Elon’s program aims to teach the requisite technical skills along with the development of “soft skills,” such as communications and critical thinking, according to associate professor Sirena Hargrove-Leak, director of the new program.
A fundraising effort is underway for a 30,000-square-foot, $12 million building that will include design workshops, classrooms and labs. Meanwhile, students will attend classes at the school’s existing science center.

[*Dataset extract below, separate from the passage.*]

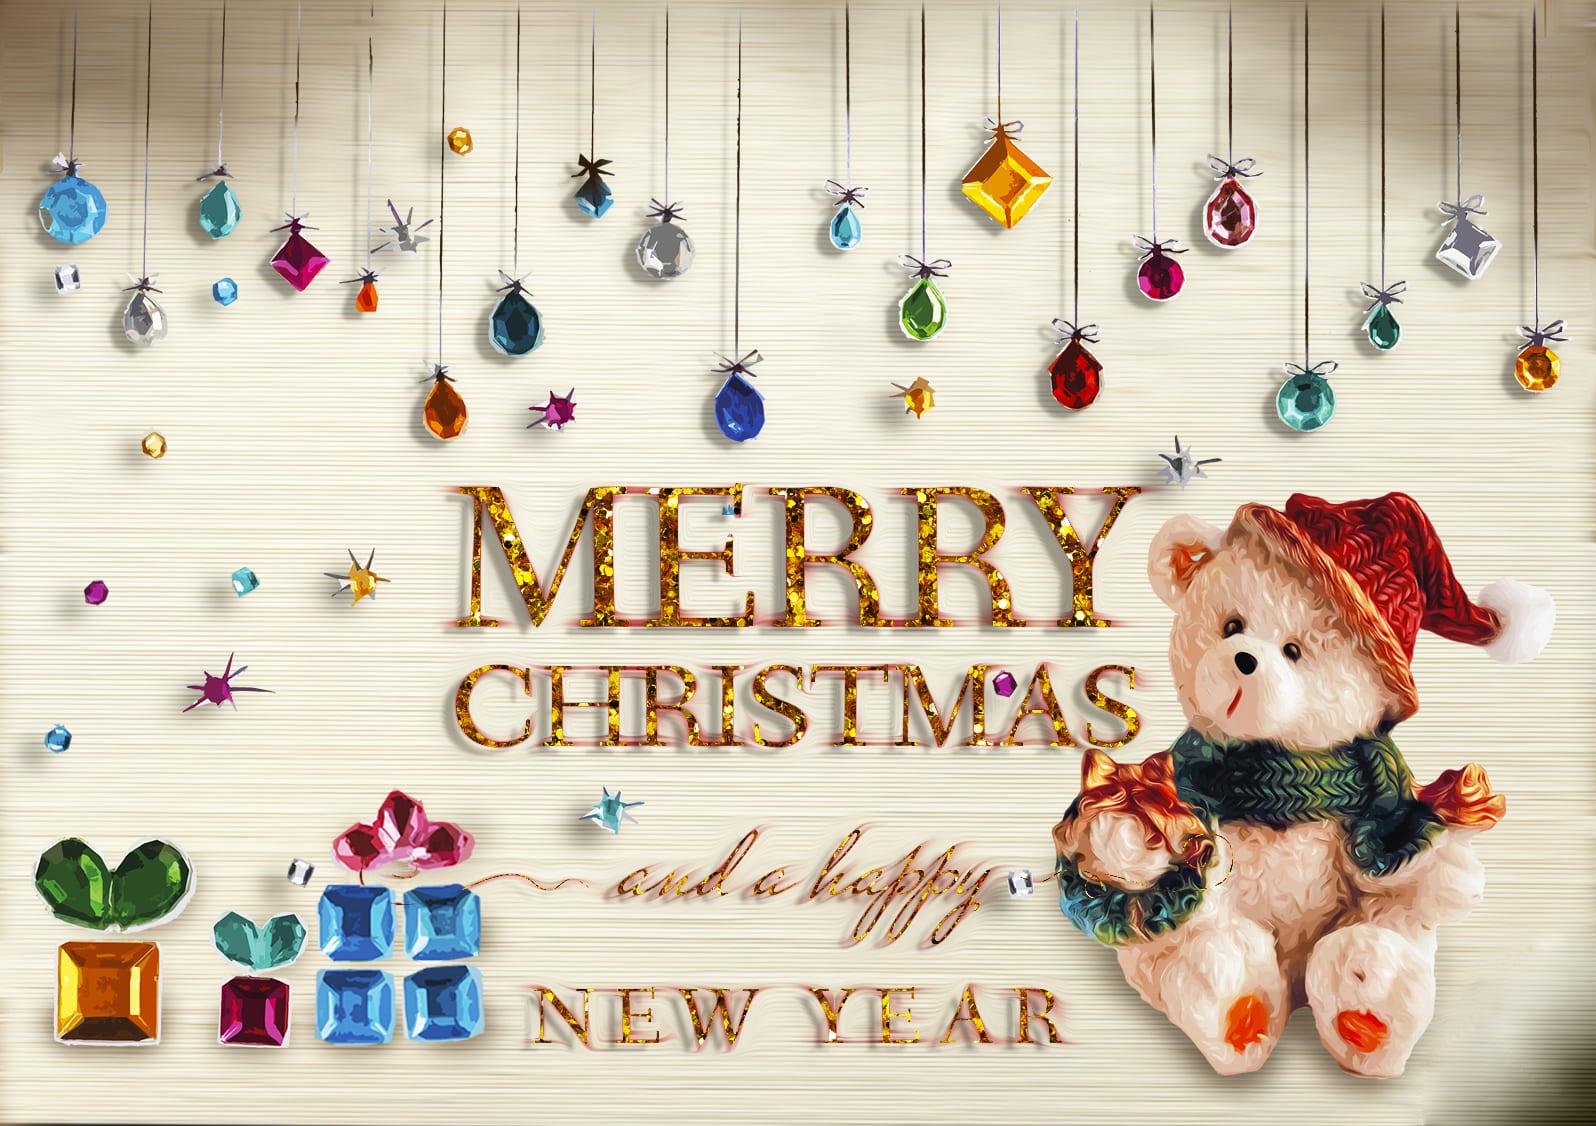 496 Christmas Illustrations: Christmas Vectors Bundle SVG, EPS, AI - h

Elon, with an annual price tag of $46,000 for undergraduates, has added more than 2,000 students since 2000. The engineering plan is among the last initiatives of President Leo Lambert, who steps down this month after 19 years. His successor is Constance Ledoux Book, previously provost at The Citadel in Charleston, S.C.
ON THE ROCKS
About 130 of Rockwell Collins’ roughly 1,600 employees in Winston-Salem are losing their jobs as the Cedar Rapids, Iowa-based company shifts more production to the Philippines. Rockwell shareholders in January approved the company’s $30 billion proposed sale to United Technologies, announced in September. Rockwell entered Winston-Salem in April when it bought B/E Aerospace, a Florida-based maker of airplane seats and other cabin-interior products, for $8.6 billion.
Now, Rockwell will combine with United’s Charlotte-based UTC Aerospace division, formed when the company bought Goodrich in 2012. The day after the sale was announced, Rockwell CEO Kelly Ortberg told The Winston-Salem Journal, “There will be no local impact on staffing levels.” In a statement, a Rockwell spokesman says the recent layoffs were part of a cost-cutting initiative unrelated to the pending sale. Additionally, the company has shifted about 32 engineering and other jobs to Winston-Salem from Arizona.